━━━ Source information

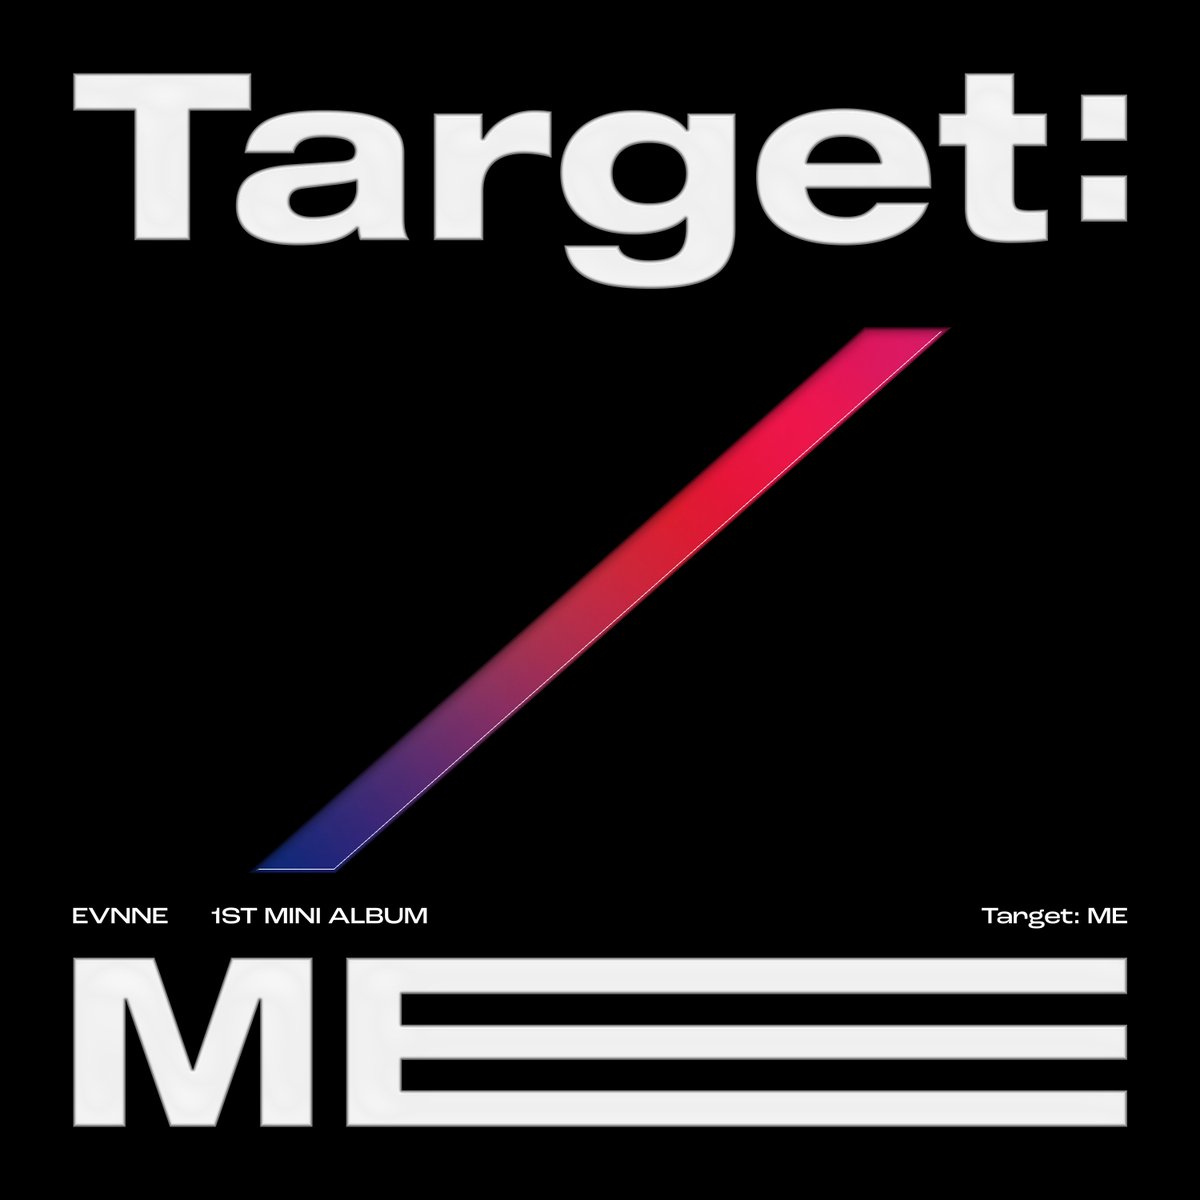 [🎧]
EVNNE
1st Mini Album [Target: ME] 
음원이 공개되었습니다. 🎯

이븐의 첫 데뷔 앨범 
모든 음원 사이트에서 만나보세요 😈

#EVNNE #이븐
#Target_ME #TROUBLE
#20230919_6PM
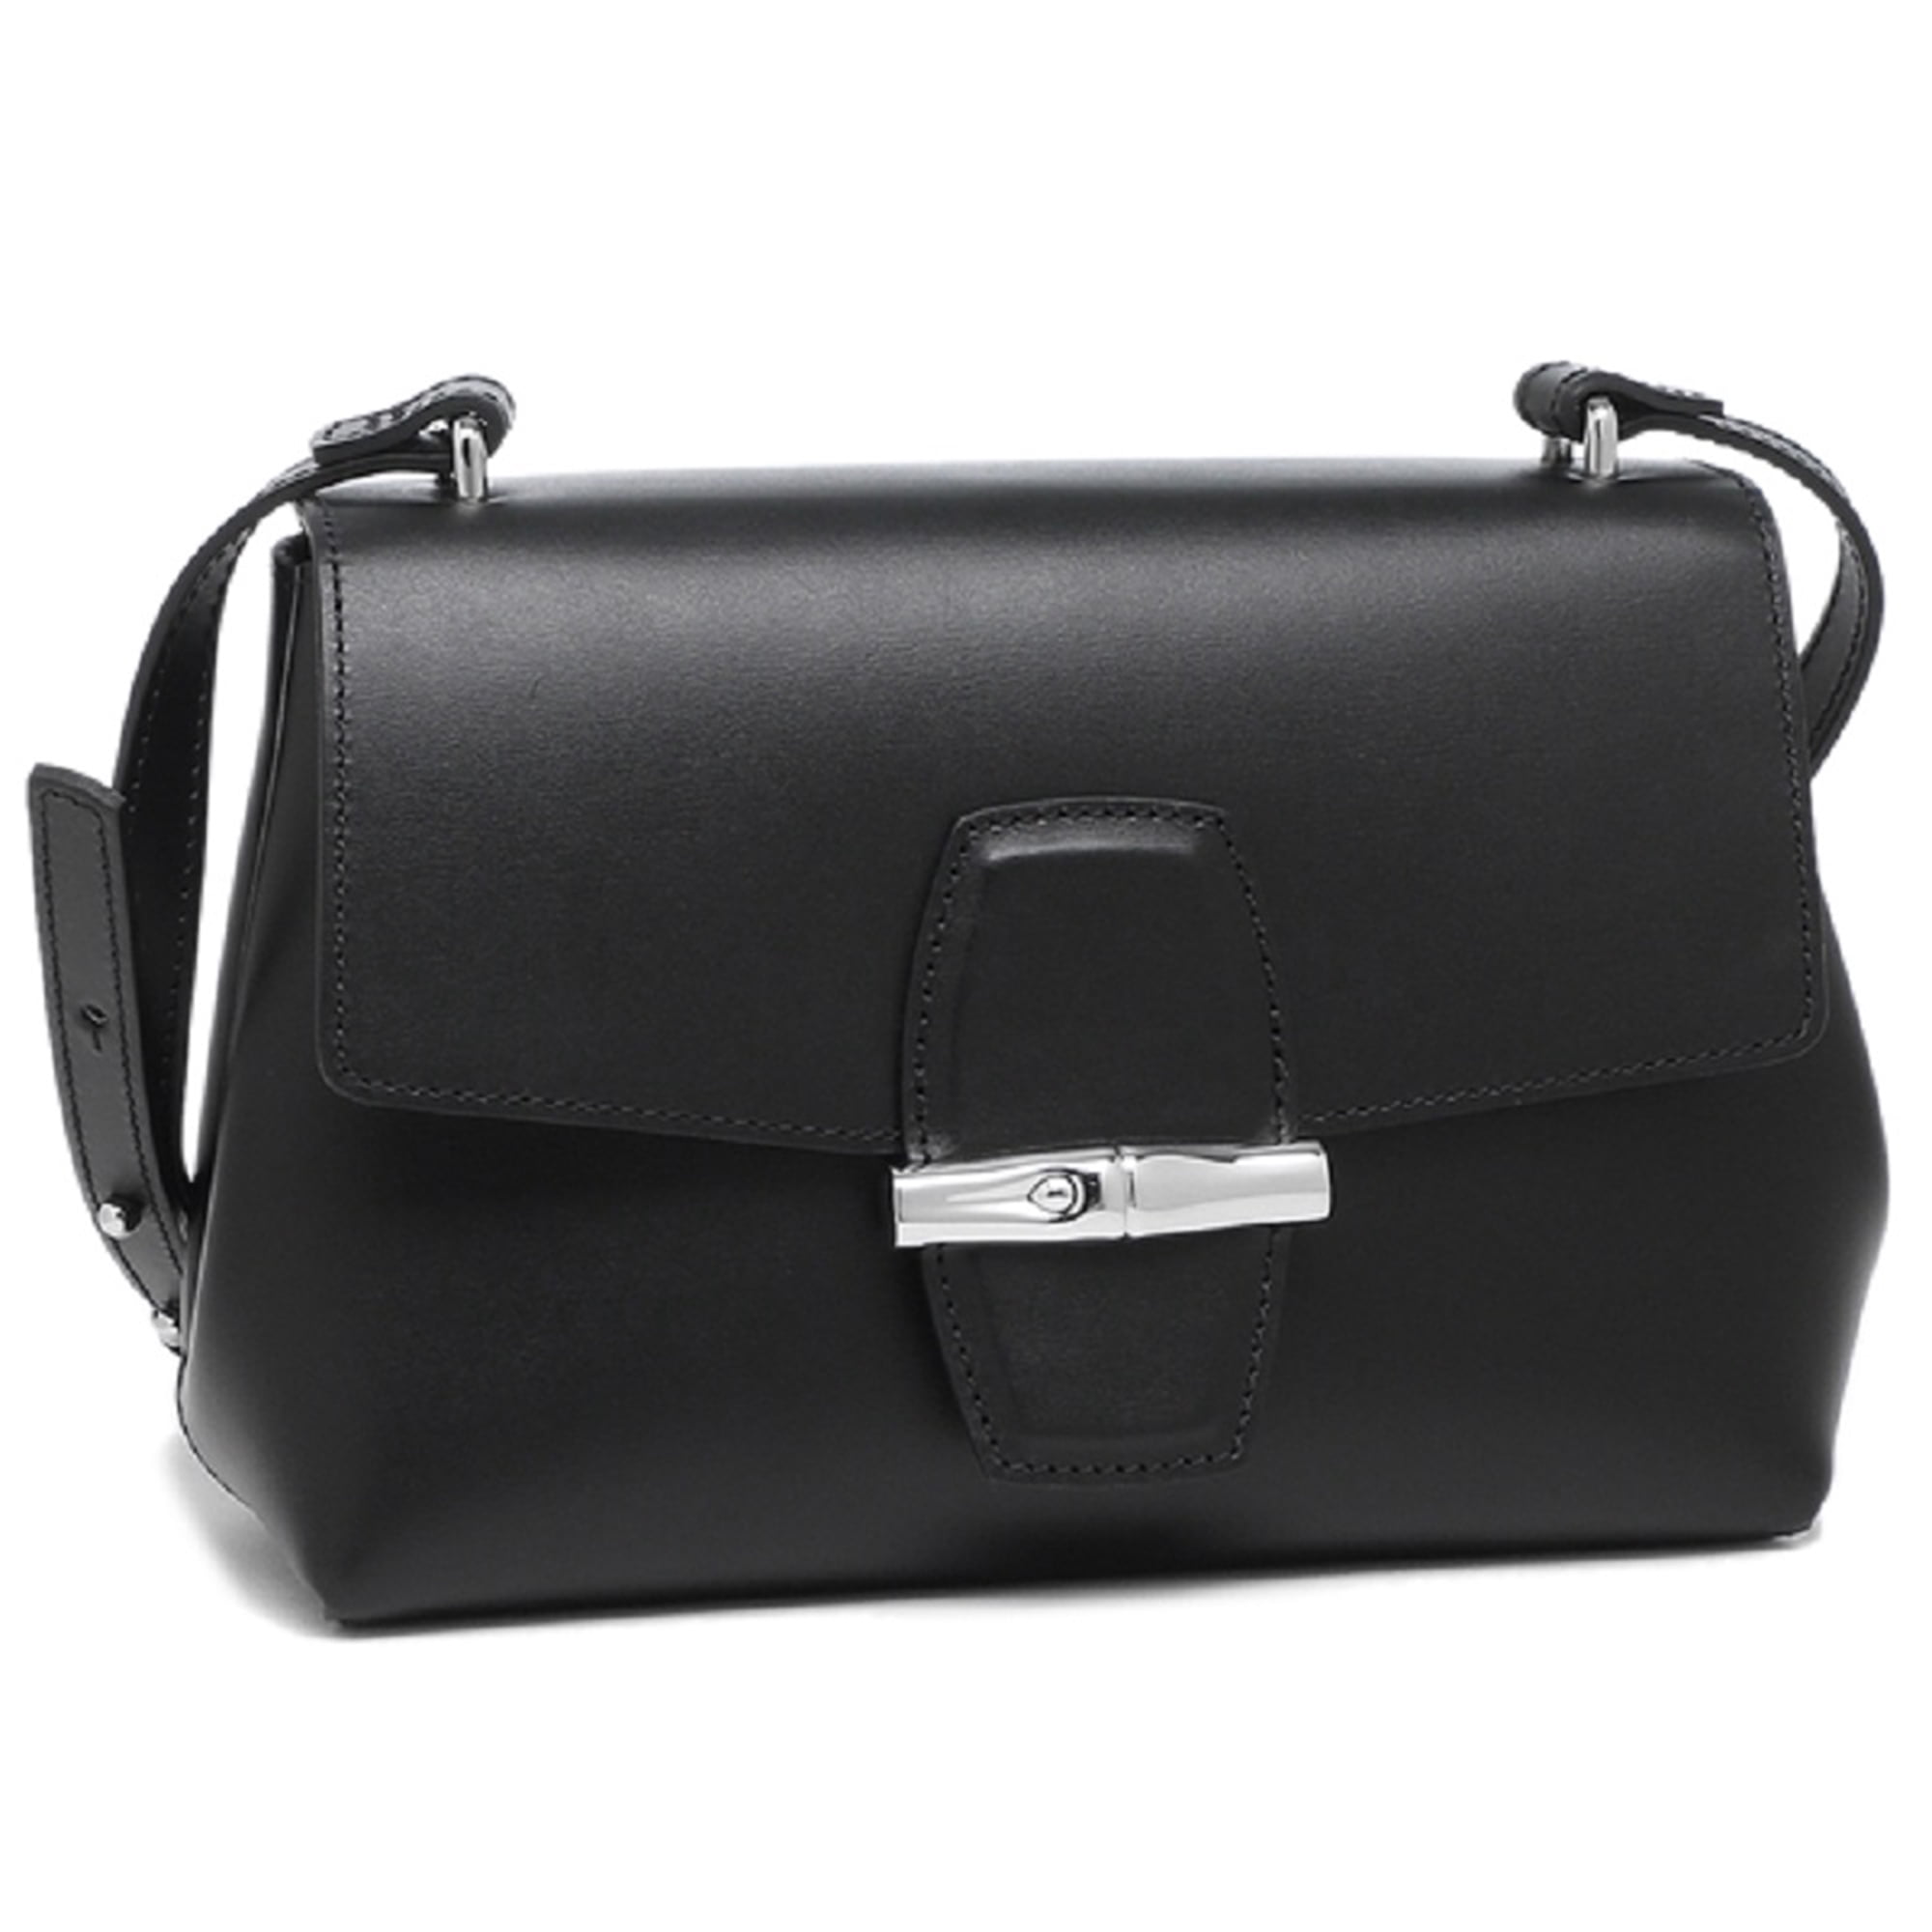 Longchamp Ladies Roseau Leather Shoulder Bag in Black

━━━━━━

◆ **What needs to be done**: Return all records above verbatim without their pictures.

◆ **Result of this task**:
 [🎧]
EVNNE
1st Mini Album [Target: ME] 
음원이 공개되었습니다. 🎯

이븐의 첫 데뷔 앨범 
모든 음원 사이트에서 만나보세요 😈

#EVNNE #이븐
#Target_ME #TROUBLE
#20230919_6PM
 Longchamp Ladies Roseau Leather Shoulder Bag in Black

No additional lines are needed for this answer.